A day of typical business AI work—roughly a million words processed in mixed input and output—priced across the frontier. Output quality is broadly comparable on this kind of workload.

For the rest of the week, paying Fable rates for work a cheaper model would handle just as well is the kind of decision a finance team eventually asks questions about.

Everyone Else is Running a Different Race

The competition isn't even really trying to win the fight Fable just won. GPT-5.5 is built for the steady, unglamorous reliability that most working hours actually demand, and developers have quietly noticed. Gemini is built for the documents, scans and slide decks where the world's real paperwork lives, and on that ground nothing else comes close. The cheaper open-source models below them aren't chasing intelligence at all, just doing the simpler work that fills most of an AI bill at a price that keeps the argument short. None of them is trying to be the smartest. All of them are winning the parts of the market they aimed for.
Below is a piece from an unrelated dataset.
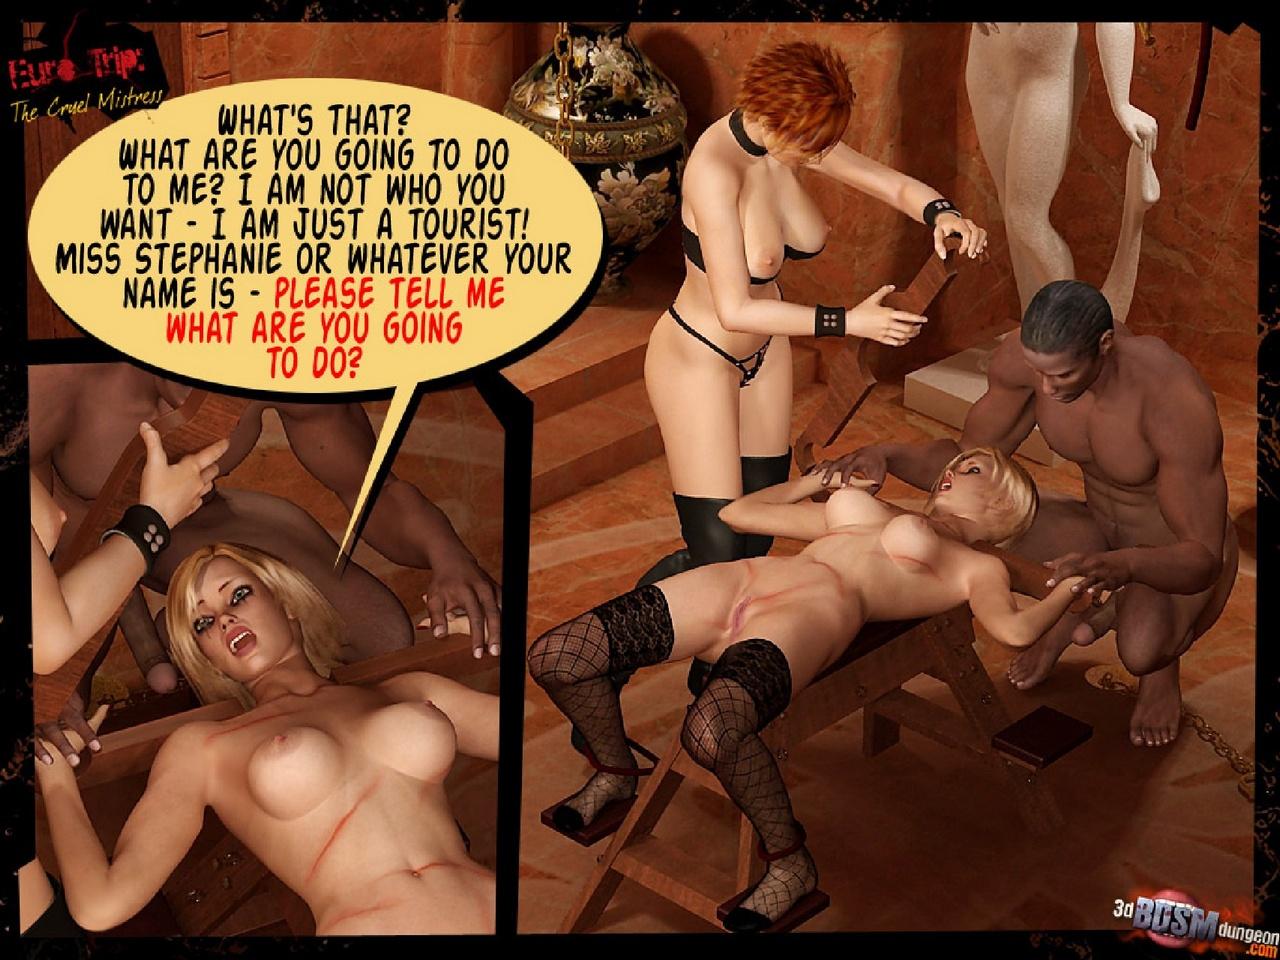 Euro Trip 3 - The Cruel Mistress - part 3

The four major frontier AI labs have stopped competing on the same axis. Anthropic is selling raw intelligence, OpenAI is selling reliability, Google is selling multimodal breadth, and the open-source flank is selling price.

What that leaves Anthropic with is a strange kind of victory, the kind that comes from holding a trophy nobody else turned up to compete for. Being the smartest still matters when smartness is what the customer needs, but the customers who need it on a Tuesday afternoon also need a dozen other things the rest of the week, and the rivals have quietly spent the last year making sure they're the ones who get reached for in those other moments. Fable is the model nobody else built. It's also, increasingly, the model nobody else needed to.

Nobody Picks Just One Anymore

Underneath all of this, the shape of the market has changed in a way that no one has quite captured. A year ago, picking an AI model was a single decision: the smartest one, if you could afford it. Now most serious teams are using two or three models in the same week. GPT-5.5 for daily work. Fable when something is hard. Opus when Fable's price doesn't earn its keep. Cheaper models for the long tail of small jobs. There is no longer a single right answer, and the big AI labs would prefer that this didn't catch on, because their premium pricing depends on the old idea that customers will pick a flagship and stay loyal to it.

Fable, for what it's worth, is genuinely impressive. The endurance is new. The capability is real. The customer stories are not invented. It is also the newest model in this whole comparison, with rivals that have been out for months and update on a cycle Anthropic doesn't, which means whatever lead it holds today is the kind a competitor can take back. But the gap between what Fable does best and what most people need on a Tuesday afternoon is wide enough to walk through, and the cost of pretending otherwise is steeper than the Anthropic made it sound.

The smartest AI model in the world is not the same thing as the best AI model for your work. That distinction used to be academic. With Fable on the market at the price Anthropic is charging, it has stopped being academic at all.